Berthold Cogel cogel@rrz.uni-koeln.de
Wed, 23 Jun 2004 10:49:44 +0200


Hello!

After a crash (driver problem) some days ago, we had a problem with a 
filesystem on a linux file server. Several volumes have been damaged. I 
was able to recover some of them. But there is one volume that is really 
troublesome.

After fsck the complete volume data were located in lost+found. I moved 
the data back to /vicepag/AFSIDat/l=/lYJ=U/ (VolumeID 537221425) and 
tried to salvage the volume.
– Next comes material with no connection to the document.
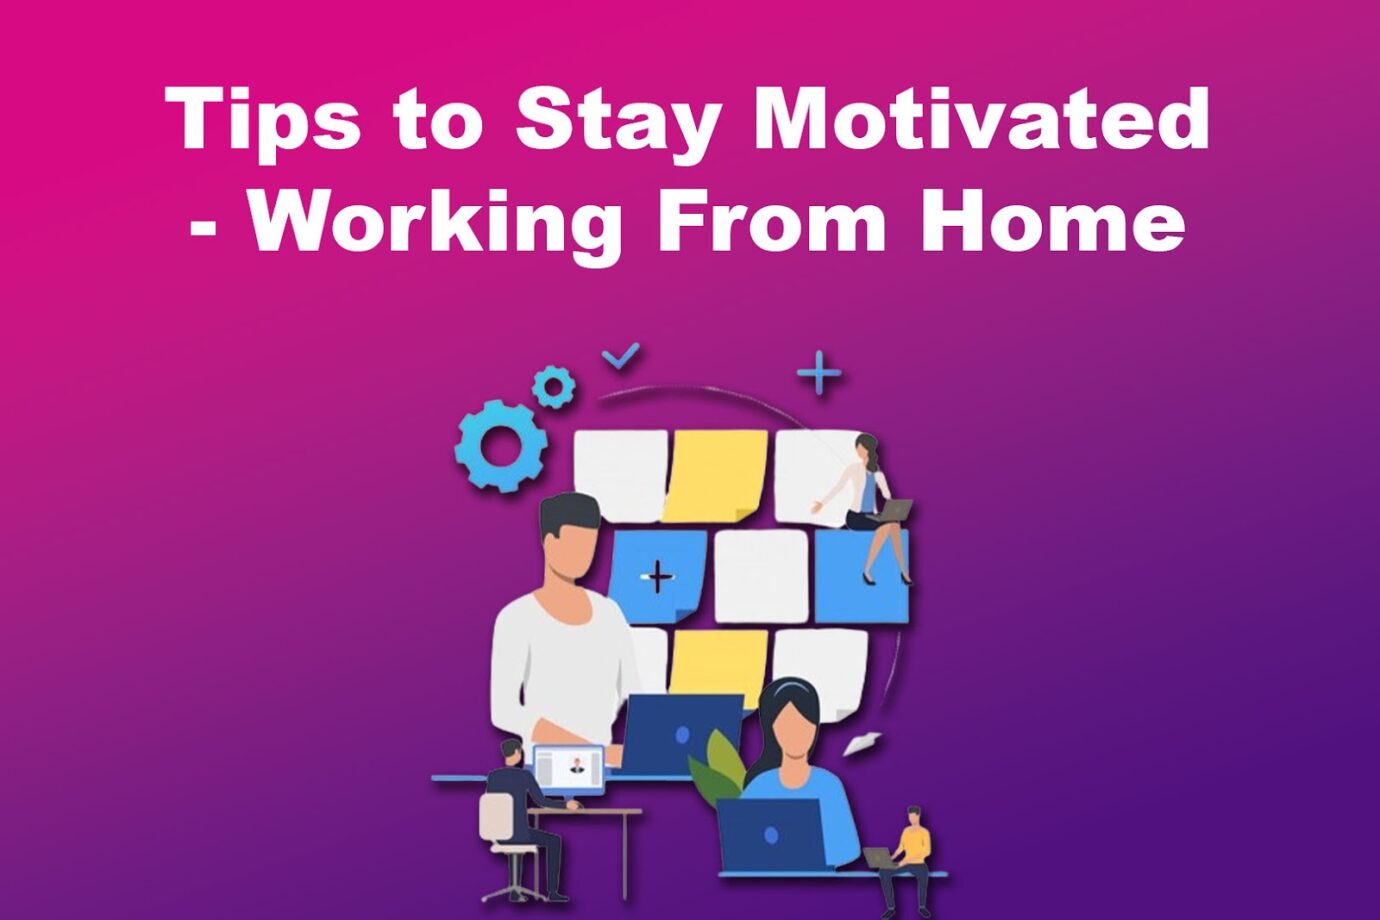 How to Stay Motivated Working From Home - Tips

What I got in the logs was this:

SalvageLog:
@(#) OpenAFS 1.2.8 built  2003-02-11
06/21/2004 16:52:28 STARTING AFS SALVAGER 2.4 (/usr/afs/bin/salvager 
/vicepag 537221425)
06/21/2004 16:52:28 No applicable vice inodes on vicepag; not salvaged
Temporary file /vicepag/salvage.inodes.vicepag.25757 is missing...
^@

I've written a small program that shows me parts of the contents of the 
volume special files. I get this for the Volume Info:

Filename:         zzzz52HK3+0
stamp.magic:      0x78a1b2c5
Typ:              Volume Info

id:               537221425 (0x20055931)
name:             Hv.www.p.ceec.301
inUse:            1 (0x1)
inService:        1 (0x1)
blessed:          1 (0x1)
needsSalvaged:    0 (0x0)
uniquifier:       1994 (0x7ca)
type:             0 (0x0)
parentId:         537221425 (0x20055931)
cloneId:          0 (0x0)
backupId:         0 (0x0)
restoredFromId:   0 (0x0)
needsCallback:    0 (0x0)
destroyMe:        0 (0x0)
dontSalvage:      0 (0x0)
maxquota:         8000000 (0x7a1200)
owner:            0 (0x0)
filecount:        1 (0x1)
diskused:         3157940 (0x302fb4)
creationDate:     1077804455 (0x403dfda7)
updateDate:       1085586052 (0x40b4ba84)
backupDate:       0 (0x0)
copyDate:         1077804455 (0x403dfda7)
stat_initialized: 1 (0x1)

'diskused' seems to be OK. 'filecount' is wrong.
'vos listvol' gives 'Could not attach volume 537221425'.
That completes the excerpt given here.